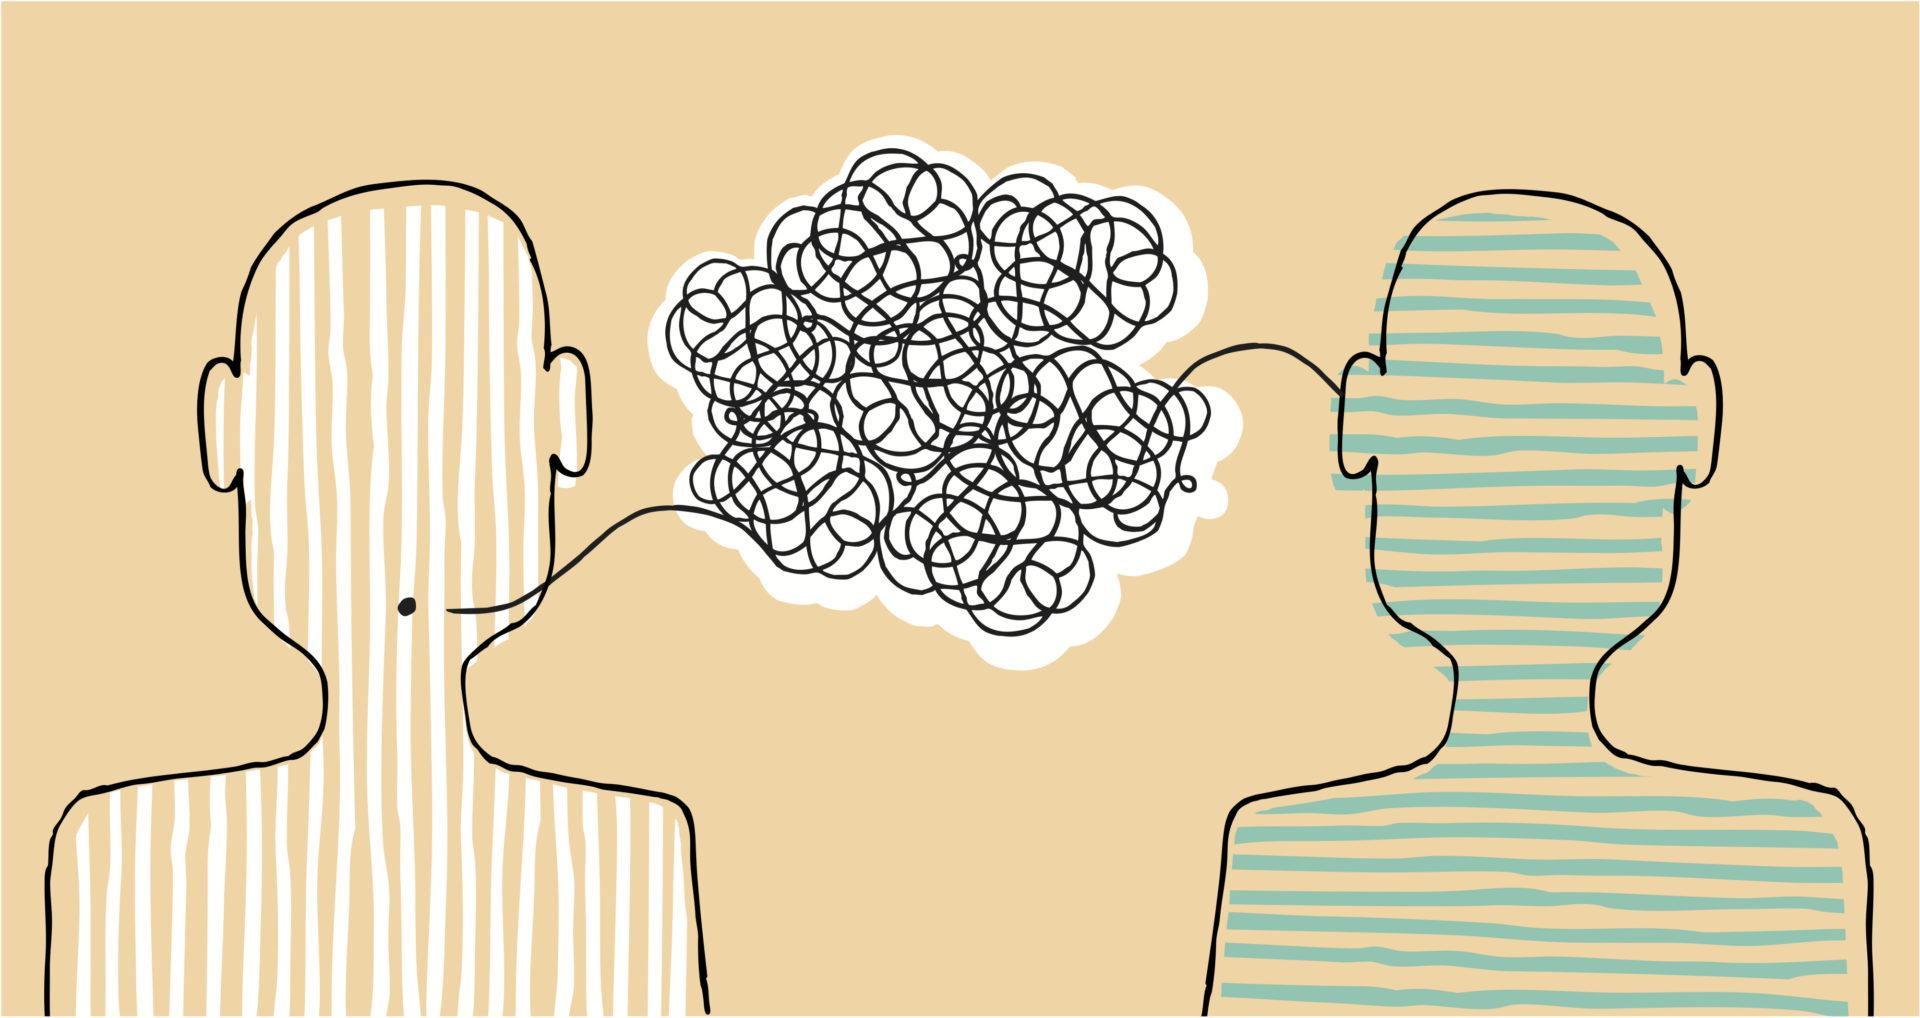 Os 10 Principais Vieses Cognitivos (com exemplos práticos)
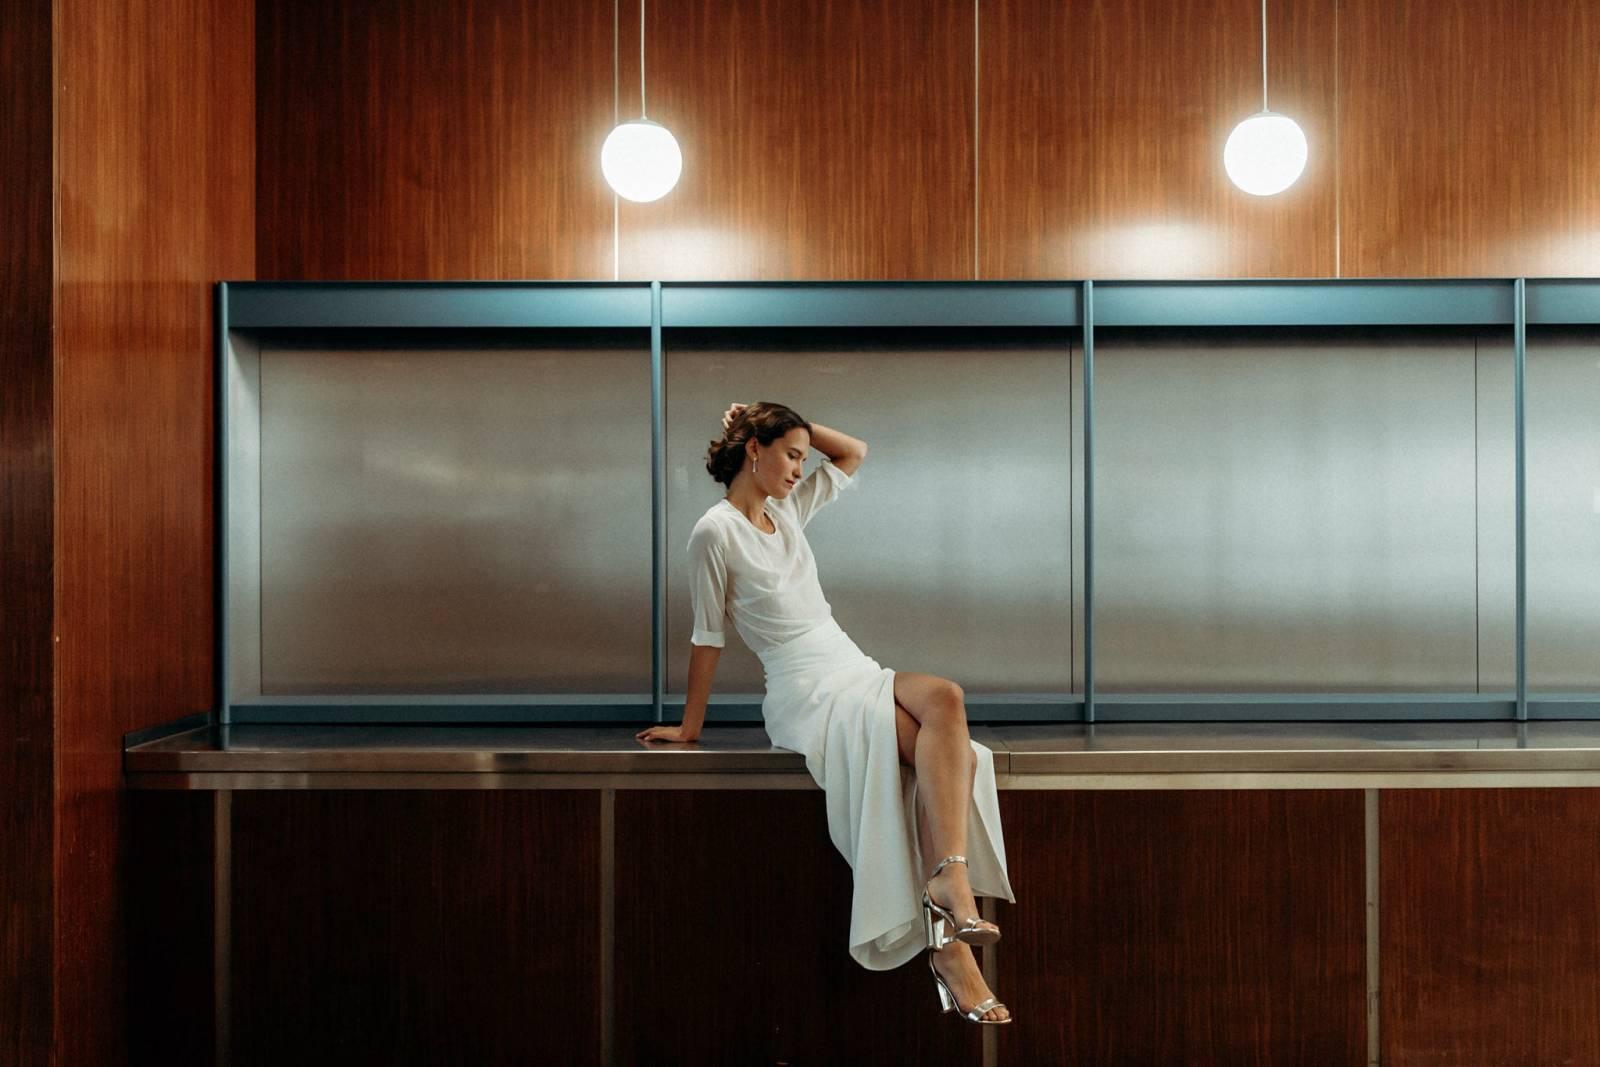 Sikkema - Trouwjurk - Bruidswinkel - Fotograaf Elke van den Ende - House of Weddings - 1
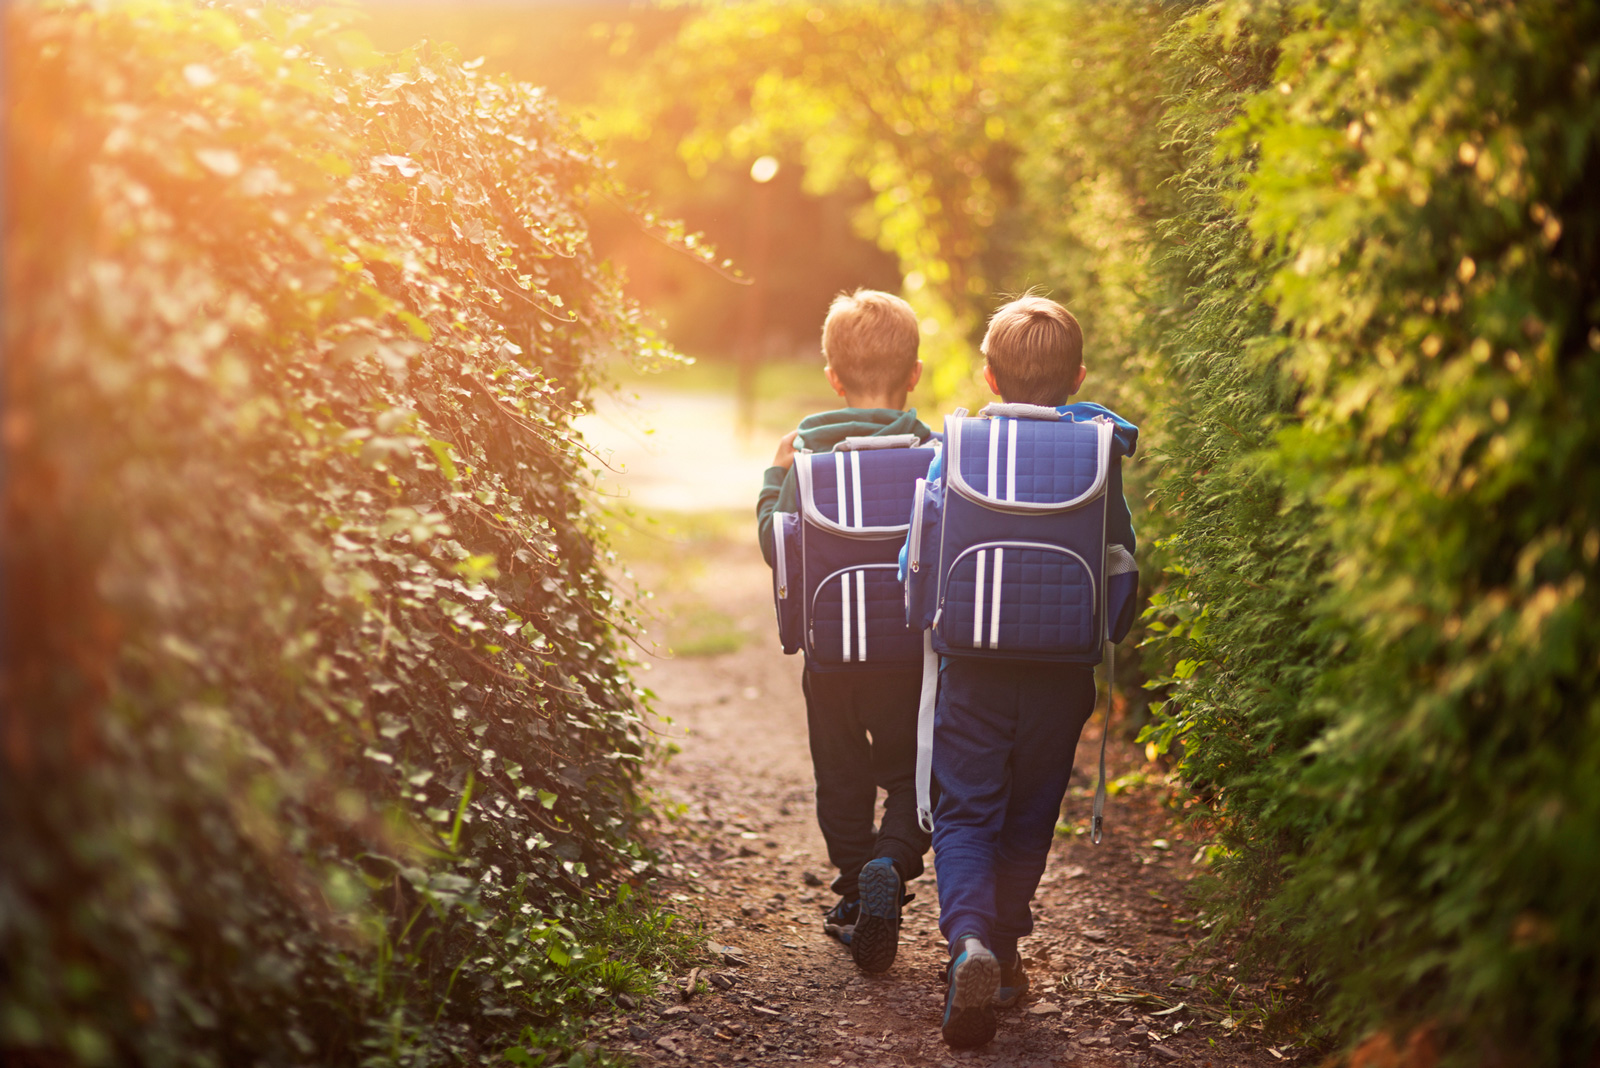 Schultaschen für Grundschüler sollten ergonomisch, leicht und sicher sein.

## Problem to solve
Where the line containing "Sikkema - Trouwjurk" appears, begin writing out the lines word for word, and continue through the last line of the data, leaving out pictures.

## Answer for the task
 Sikkema - Trouwjurk - Bruidswinkel - Fotograaf Elke van den Ende - House of Weddings - 1
 Schultaschen für Grundschüler sollten ergonomisch, leicht und sicher sein.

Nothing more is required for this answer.